Cavor me dijo que deseaba alterar nuestra carrera algo, dejando a la tierra atraernos por un momento: iba a abrir la ventana del Este durante treinta segundos. Me previno que eso me haría dar vueltas la cabeza, y me aconsejó que extendiera las manos, hacia el vidrio, para amortiguar mi caída. Hice lo que me decía, y apoyé los pies en los bultos de comestibles y cilindros de aire, para impedir que me cayeran encima. En ese momento, con un chasquido, se abrió bruscamente la ventana; yo caí como un fardo, de cara y protegiéndome con las manos, y durante un momento, por entre mis negros, apartados dedos, vi a nuestra madre tierra, un planeta en un firmamento que se extendía hacia abajo.
Estábamos todavía muy cerca —Cavor me dijo que la distancia era quizás unas ochocientas millas—, y el enorme disco terrestre llenaba todo el cielo; pero ya se veía con claridad que el mundo era un globo. La parte del planeta que miraba hacia nosotros parecía vaga, confusa; pero, hacia el Oeste, las vastas sábanas grises del Atlántico, bajo la luz moribunda del día, brillaban como plata derretida. Creo que reconocí las costas de Francia, de España y del Sur de Inglaterra, cuyos contornos se dibujaban como nubes en el firmamento; luego, con otro chasquido, la ventana se volvió a cerrar, y me encontré en un estado de extraordinaria confusión, deslizándome lentamente por el suave vidrio.
Cuando las cosas recuperaron su posición en mi cerebro, me pareció completamente fuera de duda y cuestión, que la luna estaba «abajo», y bajo mis pies, y que la tierra estaba allá, en el nivel del horizonte; la tierra que había estado «abajo» para mí y para mis semejantes desde el principio de la existencia.
Tan pequeño era el esfuerzo que teníamos que hacer, la anulación positiva de nuestro peso hacía tan fácil lo que nosotros teníamos que hacer, que durante cerca de seis horas transcurridas desde que habíamos partido, no se nos ocurrió la idea de tomar ningún refrigerio: seis horas era el tiempo señalado por el cronómetro de Cavor.
Y aun entonces, con muy poco quedé satisfecho.
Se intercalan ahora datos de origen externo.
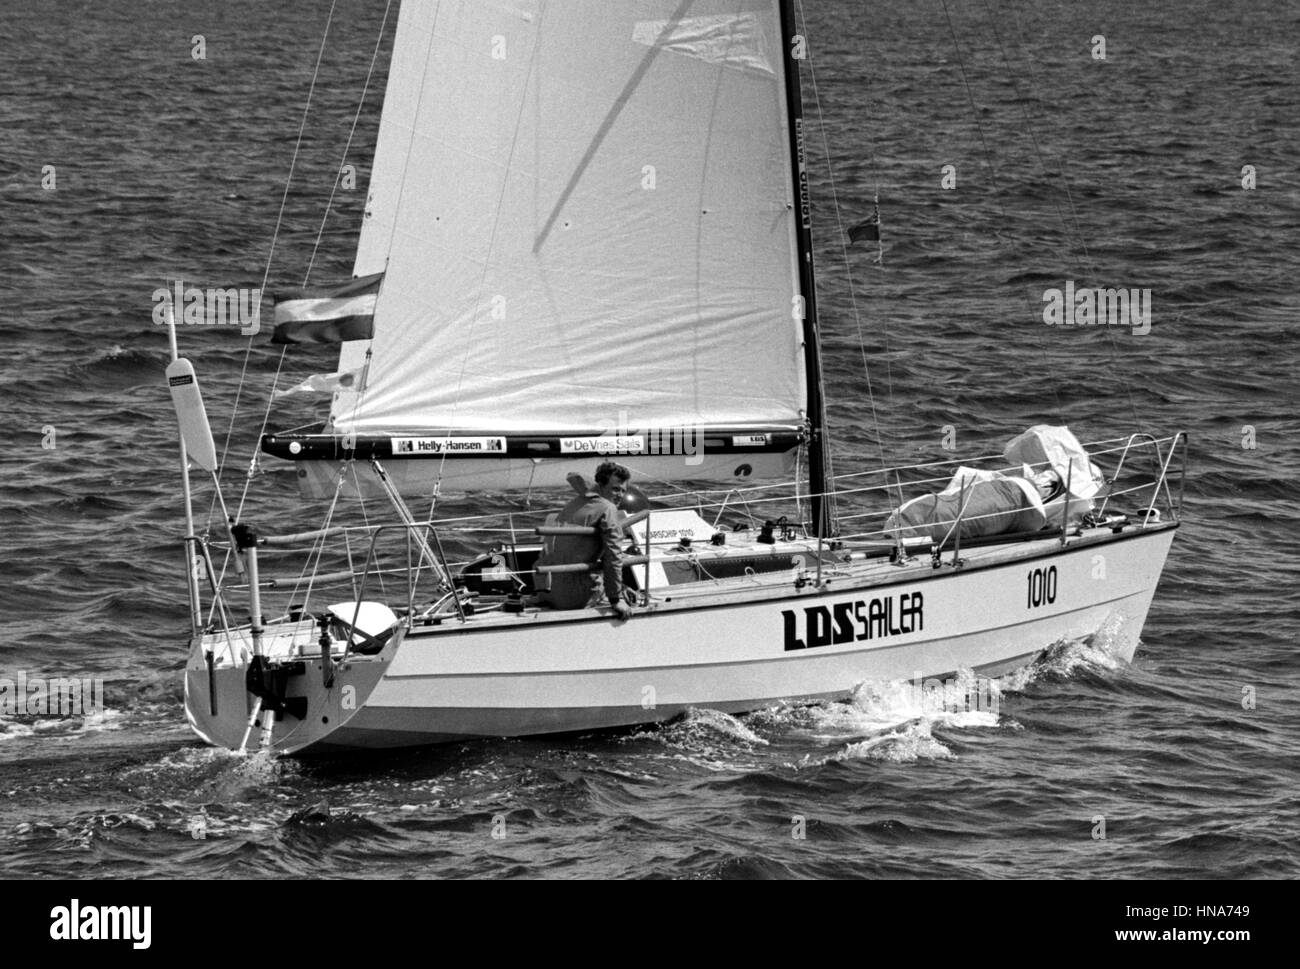 AJAXNETPHOTO. 2 JUNE,1984.PLYMOUTH, ENGLAND. -OSTAR RACE-  LDS SAILER SKIPPERED BY HENK JUKKEMA (NED) PLACED 38TH OVERALL. PHOTO:AJAX NEWS PHOTOS  REF:840206 29 Stock Photo
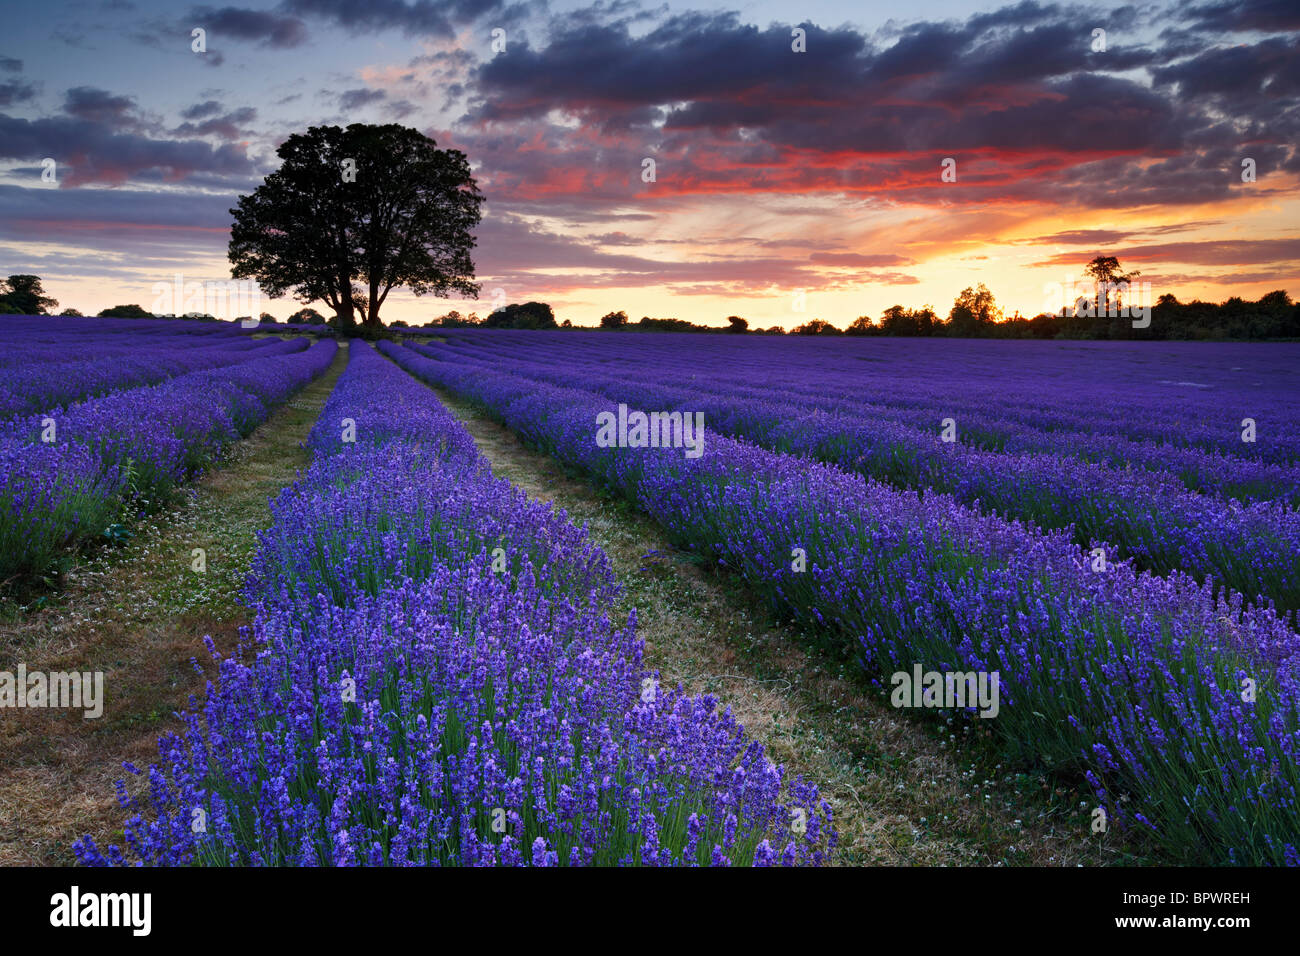 A beautiful summers evening at overlooking lavender farm. Stock Photo

Cavor examinó el aparato de absorción del ácido carbónico y del agua, y lo declaró en condiciones satisfactorias: nuestro consumo de oxígeno había sido extraordinariamente pequeño. Y como nuestra conversación se había agotado por el momento, y nada teníamos ya que hacer, nos entregamos al extraño sopor que nos había invadido: extendimos nuestras frazadas en el fondo de la esfera, para impedir, lo más que fuese posible, que entrara la luz de la luna nos, dimos las buenas noches, y casi inmediatamente nos quedamos dormidos.
Y así, durmiendo y a veces hablando y leyendo un poco, y a veces comiendo, aunque sin apetito vivo[1] pero en la mayor parte del tiempo en un deliquio que no era estar despierto ni dormido, caímos y caímos, durante un espacio de tiempo que no tenía día ni noche, silenciosa, suave, rápidamente hacia abajo, hacia la luna.